Wow. I remember turning to Brian and telling him that that statement was something to chew on. Well, a few weeks ago, I had a talk with myself (not aloud this time). I was thinking about all the things that may have contributed to my being overweight and I finally told myself, very firmly, that I am worth taking care of myself. Things that other people said or did that my have influenced my self-image were just said or done by people who were going through their own issues, just like I do, and those things have nothing to do with my worth (and were probably never intended to by the people in question).
That may seem simple, but it was really a profound revelation to me. I have let my perception of myself be shaped by people who are human, just like me. People who have their own issues, just like me. People who sometimes say or do things that they really don’t mean or that are taken out of context. Just like me.
When I realized that, I started to notice a change in my attitude. I started noticing that I was friendlier to people when out and about. I noticed that I was quicker to joke with or speak to a stranger in line at the store. I noticed that I was becoming more cheerful and outgoing.

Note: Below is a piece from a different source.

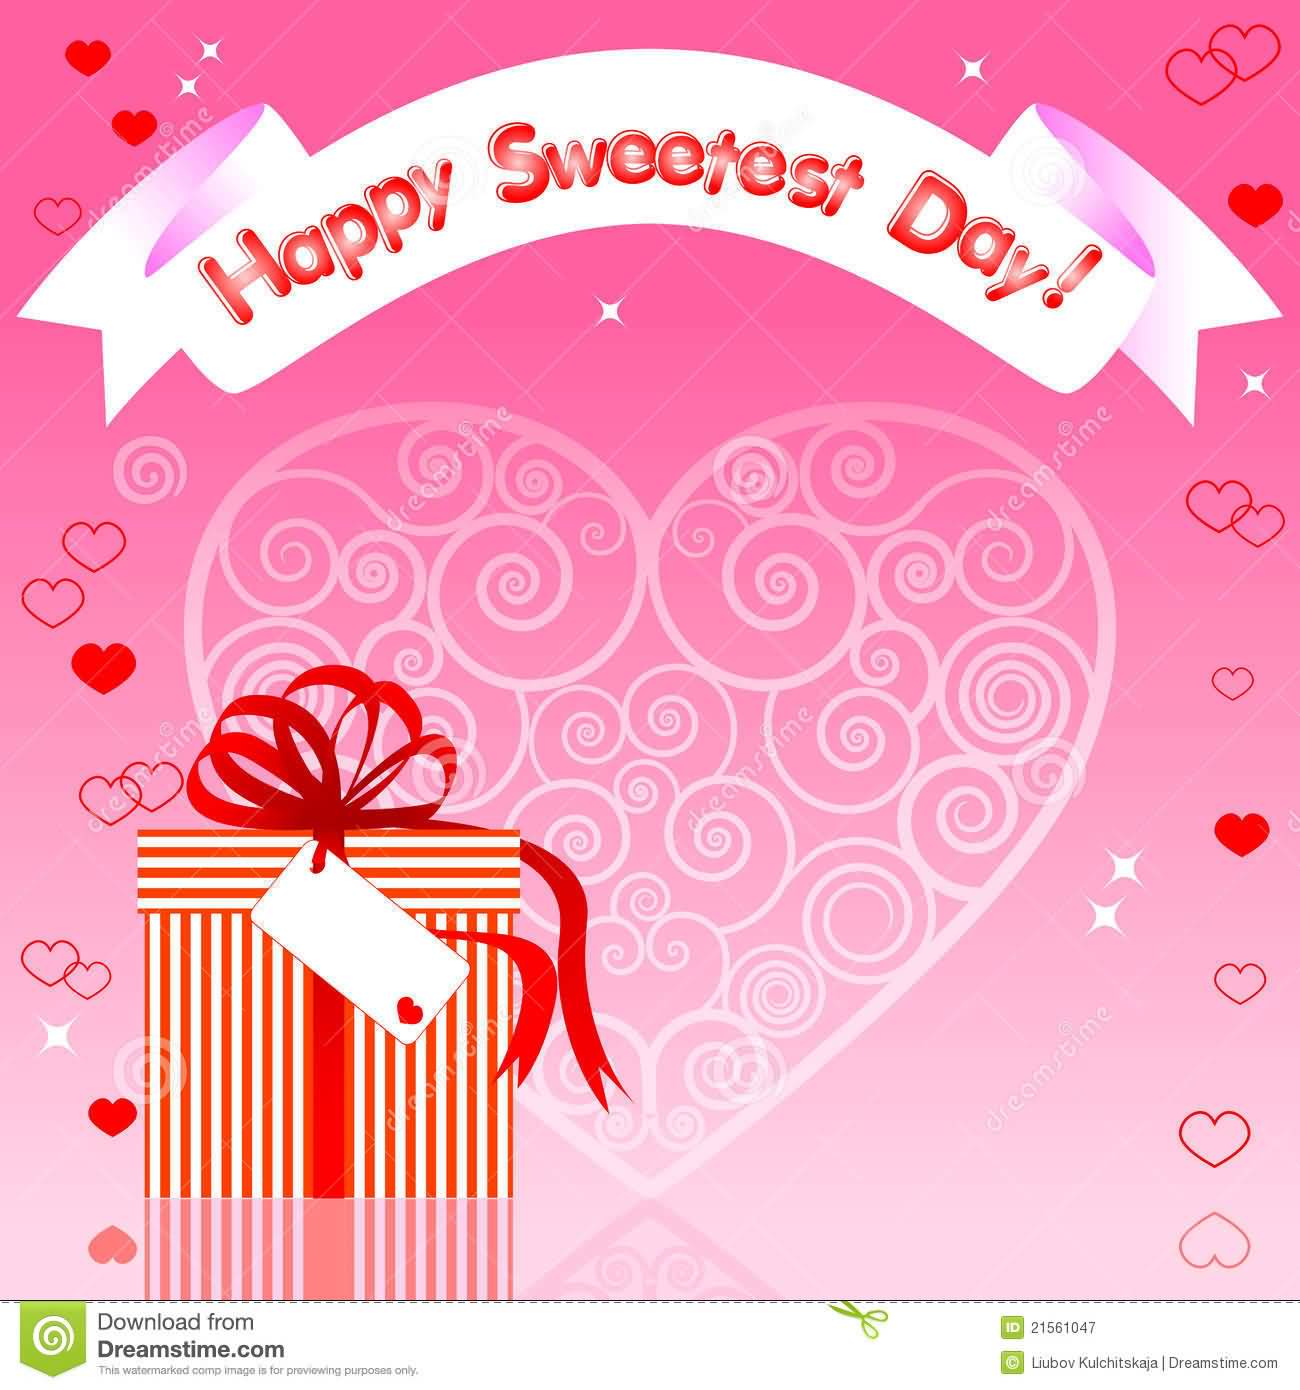 Happy Sweetest Day Gift Box Greeting Card

You may remember that I mentioned hating going to the mall. Well, Tuesday night, I had to go to the mall to do some Christmas shopping. I could tell a difference in my attitude about going as soon as I walked in the door. As I was walking in, I thought to myself, “I am worth a trip to the mall. I have just as much right to be here as anyone else and I bet no one is looking at me thinking about how fat I am.”
I found myself speaking to the clerks in the stores, smiling at them and not feeling awkward. I even wound up in a conversation (about Twilight, what else?) with three store employees at once place. It was a trendy place with lots of young people. They were really friendly and I didn’t feel awkward at all. And, you know what? Not one of them ever said, “Hey, fat lady, what are you doing at the mall?” 😉
One guy was even trying to talk me into buying a Twilight shirt so he wouldn’t have to re-shelve it (offered me $5 off), but I smiled and told him, “Nope. I’m not buying a Twilight shirt until I can buy a medium.”
You know, I really think this time I AM going to lose the weight and keep it off. I just feel different. My whole outlook is different. I feel excited and confident. I feel like I’m worth the effort and the end result…and I can’t wait to get there!